▶ [Data block]:

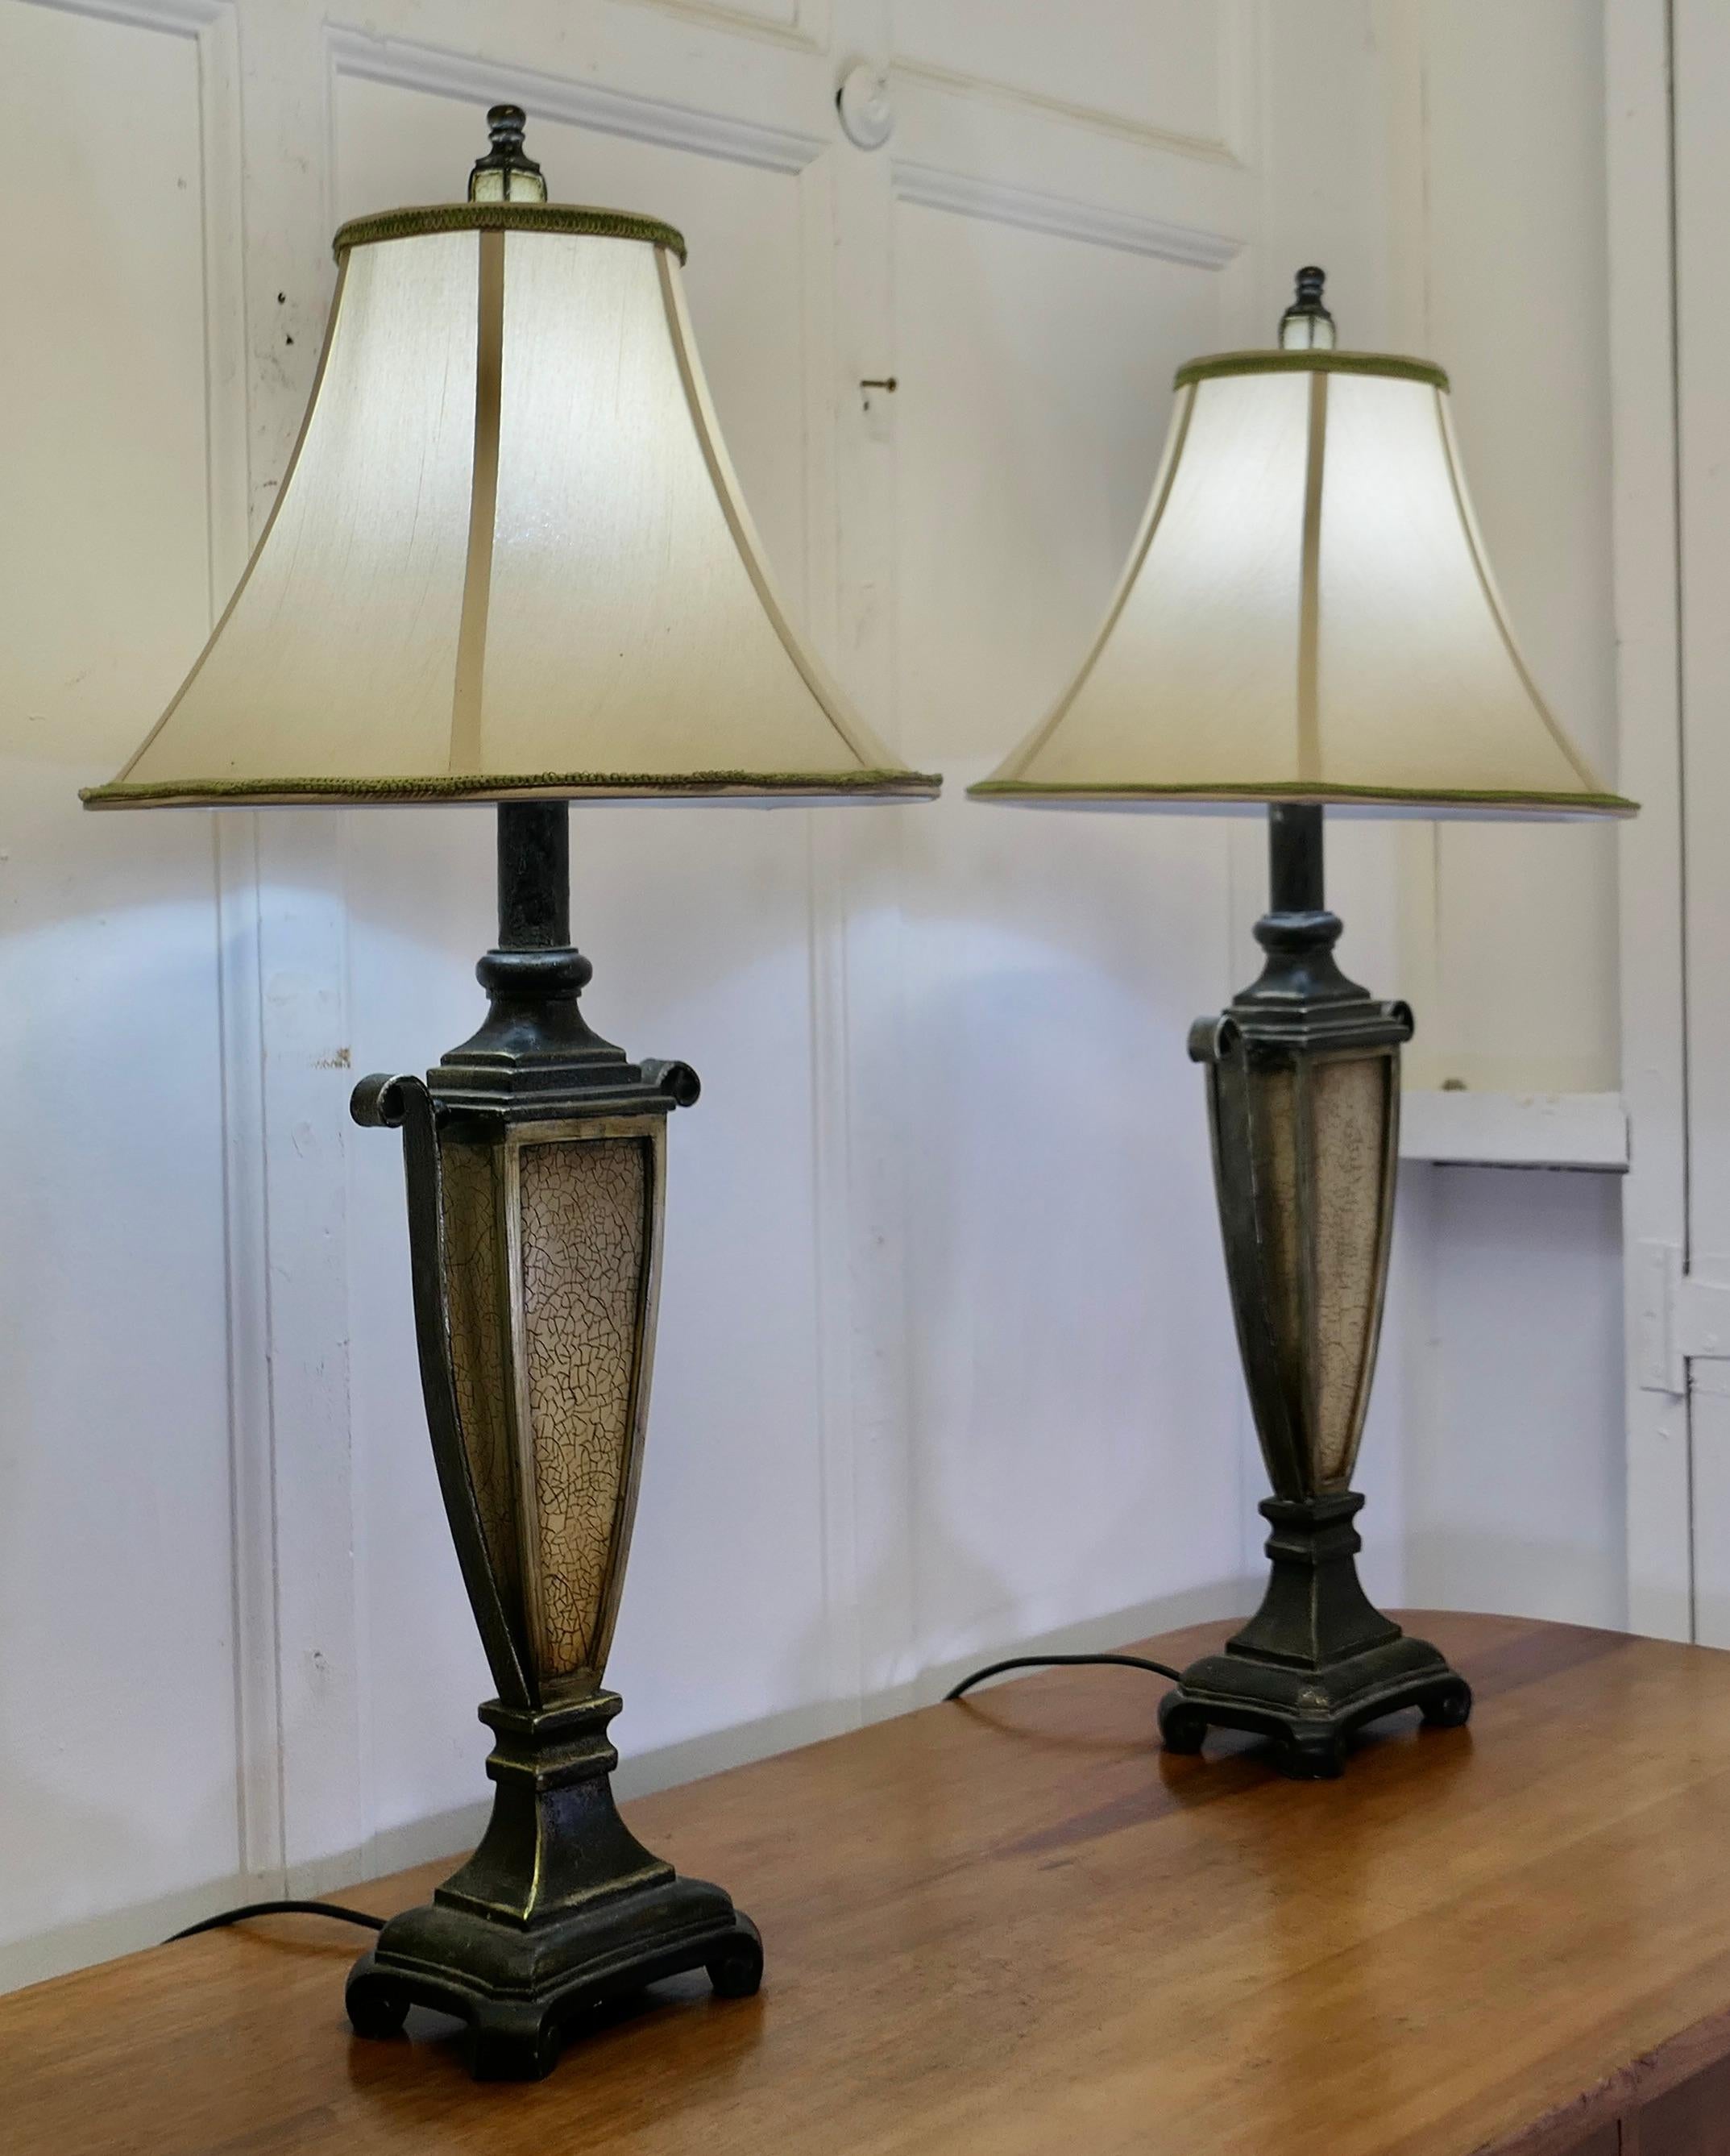 Composizione Coppia di lampade da tavolo in stile Art Decor   Un'emozionante coppia di lampade in vendita
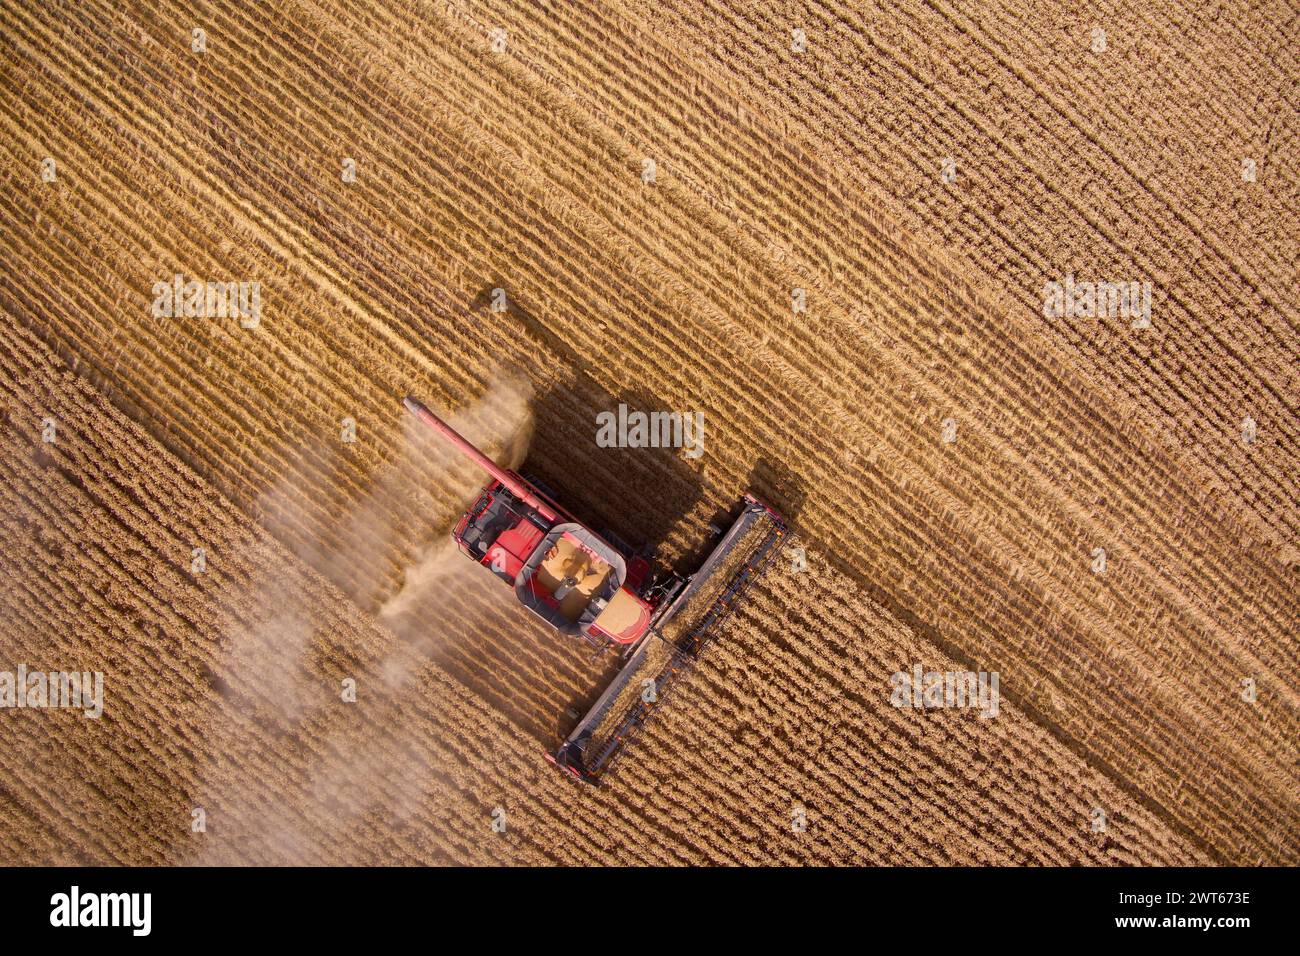 Luftlinie des Mähdreschers Weizenernte in der Nähe von Wallumbilla auf der Maranoa Queensland Australien Stockfoto
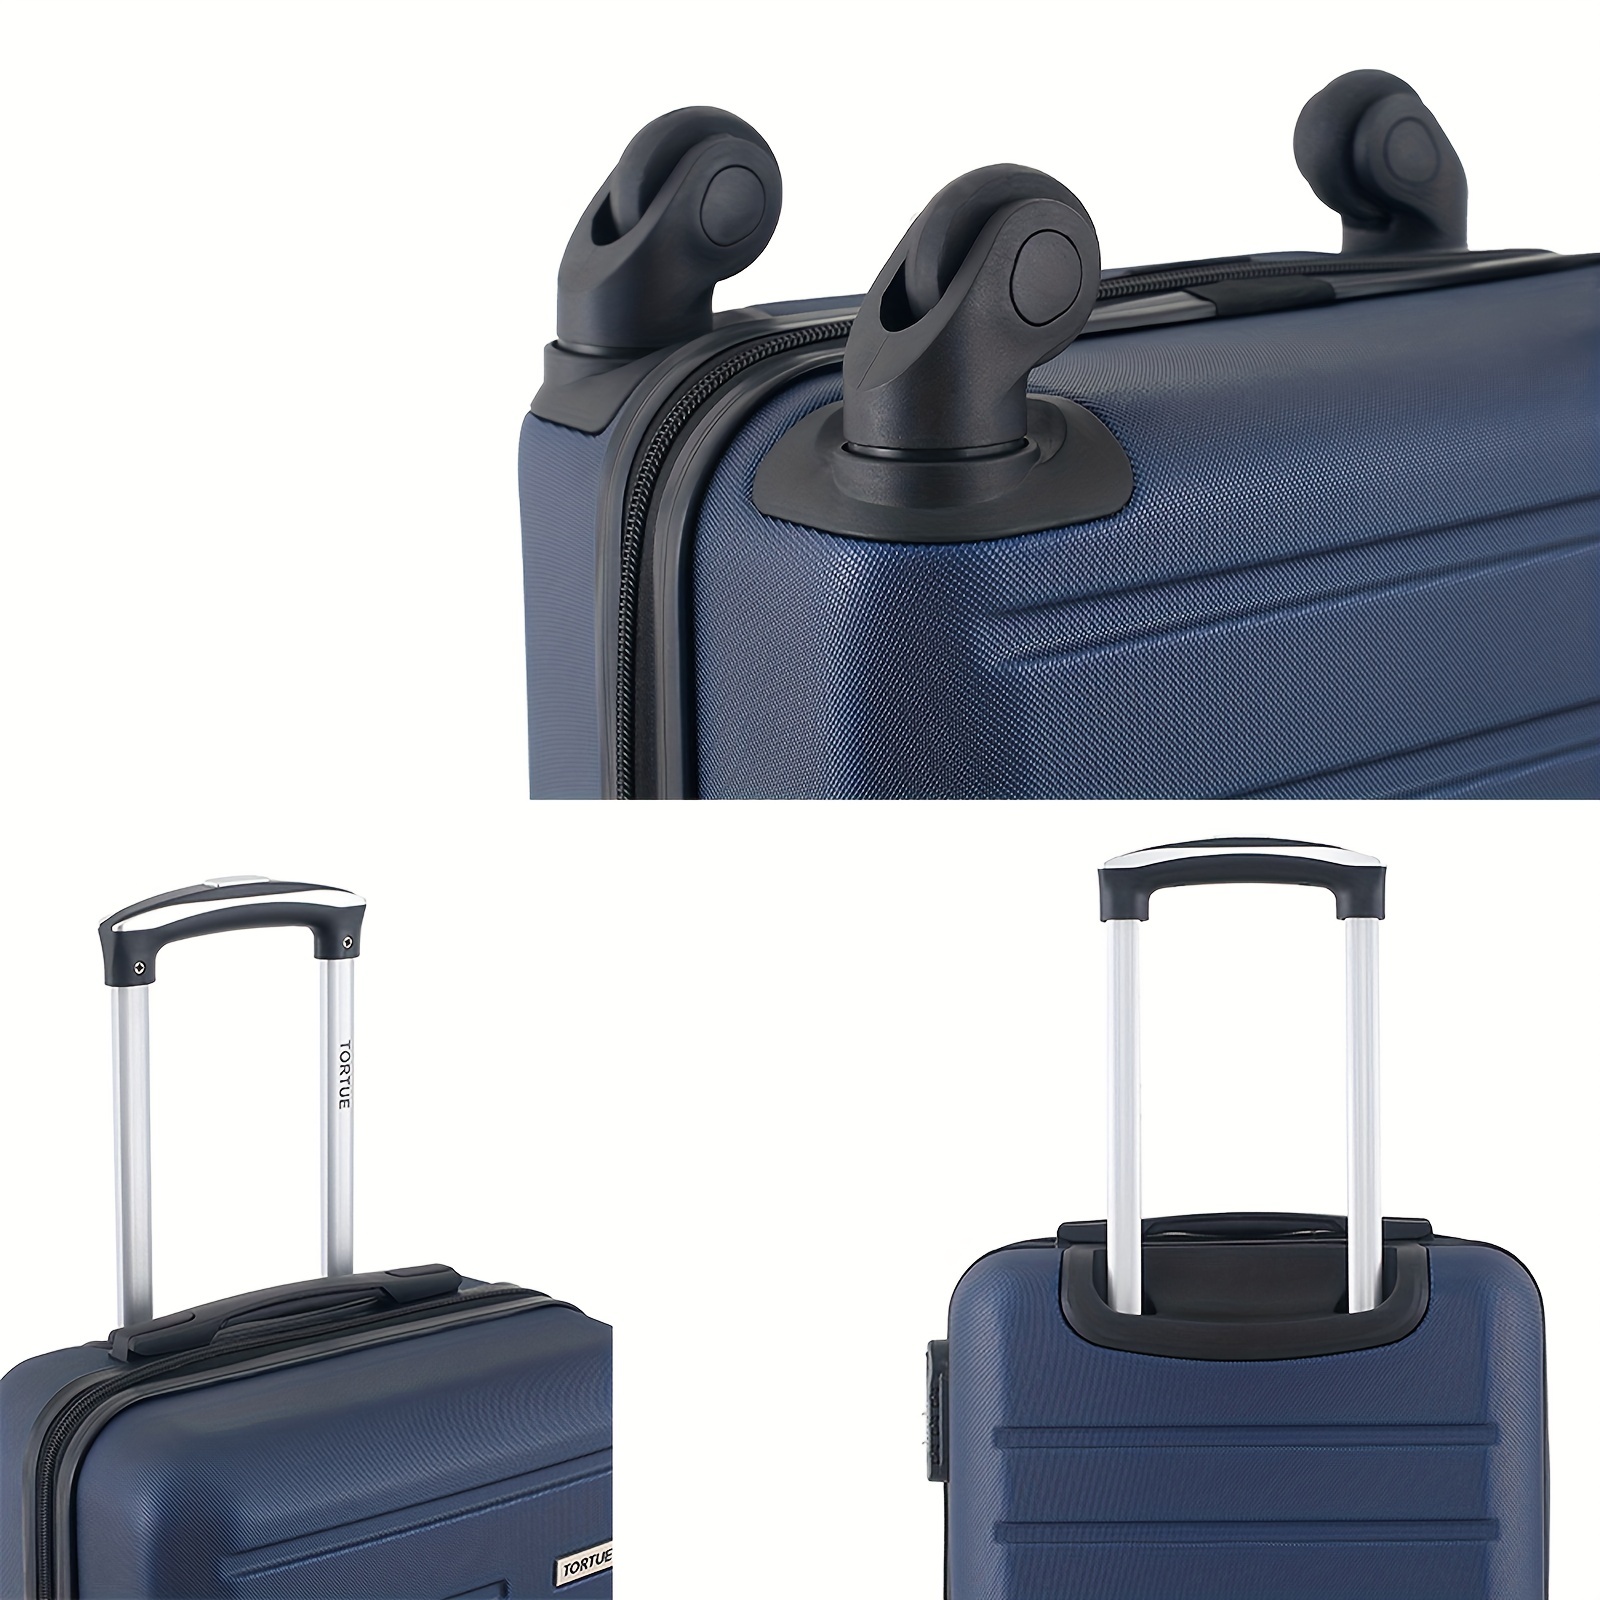 Tripcomp Juego de maletas duraderas de viaje con ruedas giratorias TSA,  equipaje de mano, juego de 3 piezas (20 pulgadas/24 pulgadas/28 pulgadas)

▶ [Task to complete]: Transcribe all of the material exactly and leave out its pictures.

▶ [Finished task]:
 Composizione Coppia di lampade da tavolo in stile Art Decor   Un'emozionante coppia di lampade in vendita
 Luftlinie des Mähdreschers Weizenernte in der Nähe von Wallumbilla auf der Maranoa Queensland Australien Stockfoto
 Tripcomp Juego de maletas duraderas de viaje con ruedas giratorias TSA,  equipaje de mano, juego de 3 piezas (20 pulgadas/24 pulgadas/28 pulgadas)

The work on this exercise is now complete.